The cost of 2 choclates and 3 biscuits is 55 and that of 4 choclates and iscuits is 110, then the cost of one choclate and one biscuit are
Answers
Q: If the cost of 2 chocolates and 3 biscuits is ₹55 and that of 4 chocolates and 6 biscuits is ₹110, then cost of 1 chocolate and 1 biscuit is?
Solution :-
Let the number of chocolate and biscuit be x and y respectively.

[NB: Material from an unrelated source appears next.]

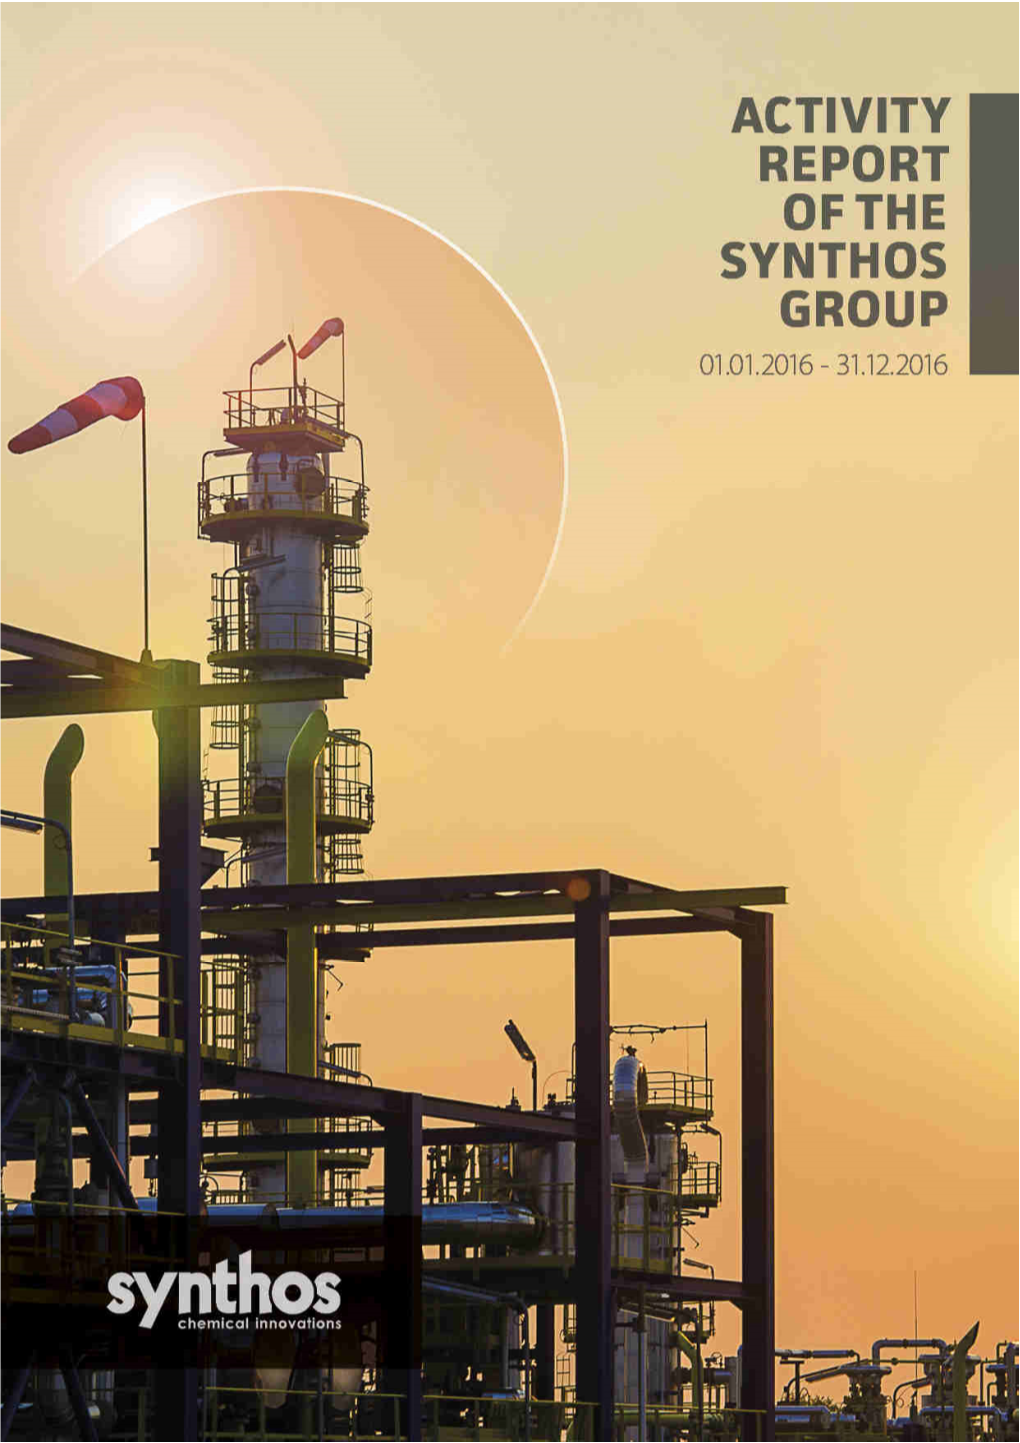 Activity Report of the Synthos Group

The equation will be written as :
2x + 3y = ₹55 _____(i)
4x + 6y = ₹110
Here,
2/4 = 3/6 = 55/110
So, infinitely many solutions.
Suppose that the cost of one choclate be ₹20 :
Substituting the value of x in equation (i),
=> 2 × 20 + 3y = ₹55
=> 3y = 55 - 44
=> y = 15/3 = 5
Therefore,
If we take the cost of one choclate ₹20 then we get the cost of one biscuit ₹5.
Hence,
The cost of one choclate and one biscuit = ₹(20 + 5) = ₹ 25
Answer:
Step-by-step explanation:
Given :-
The cost of 2 choclates and 3 biscuits is 55 and that of 4 choclates and iscuits is 110.
To Find :-
Cost of one choclate and one biscuit.
Solution :-
Let the number of chocolate and biscuit be x and y .

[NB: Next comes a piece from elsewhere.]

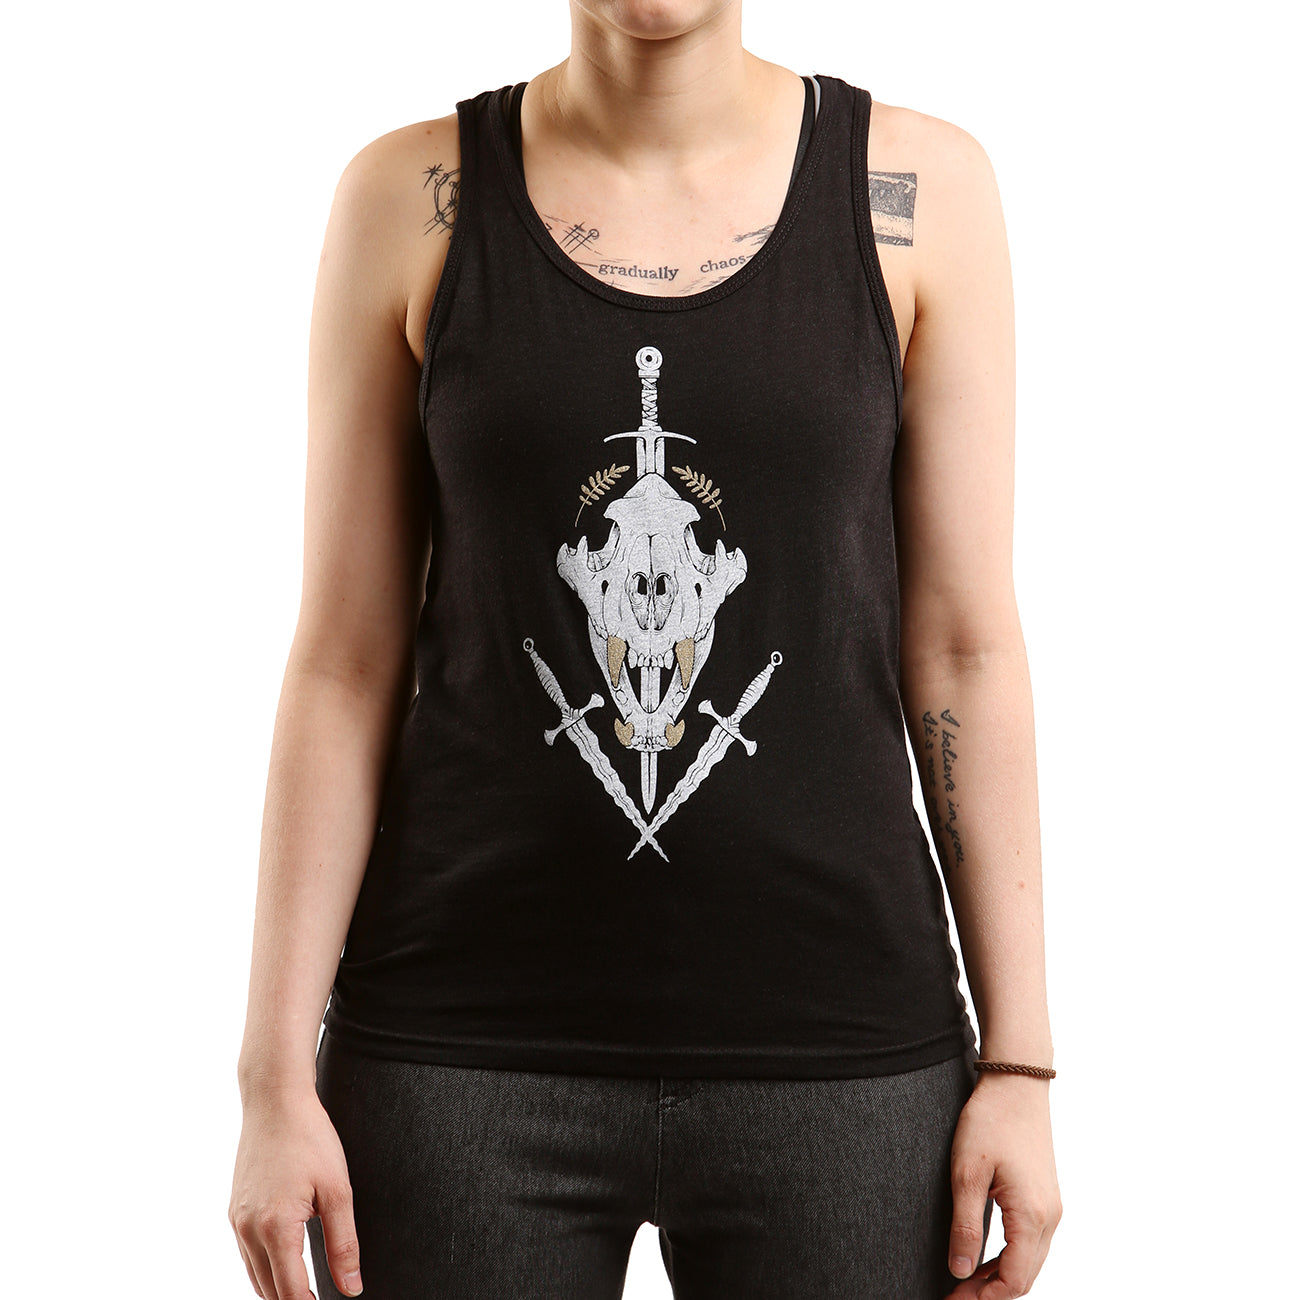 Black tank top with white tiger skull and daggers on model.

The equation will be written as : 2x + 3y = ₹55 _____(i)
2x + 3y = ₹55
4x + 6y = ₹110
2/4 = 3/6 = 55/110
Suppose that the cost of one chocolate be ₹20 :
Substituting the value of x in equation (i),
⇒ 2 × 20 + 3y = ₹55
⇒ 3y = 55 - 44
⇒ y = 15/3
⇒ y = 5
The cost of one choclate and one biscuit
= ₹(20 + 5)
= ₹ 25.
Hence, The cost of one choclate and one biscuit is ₹ 25.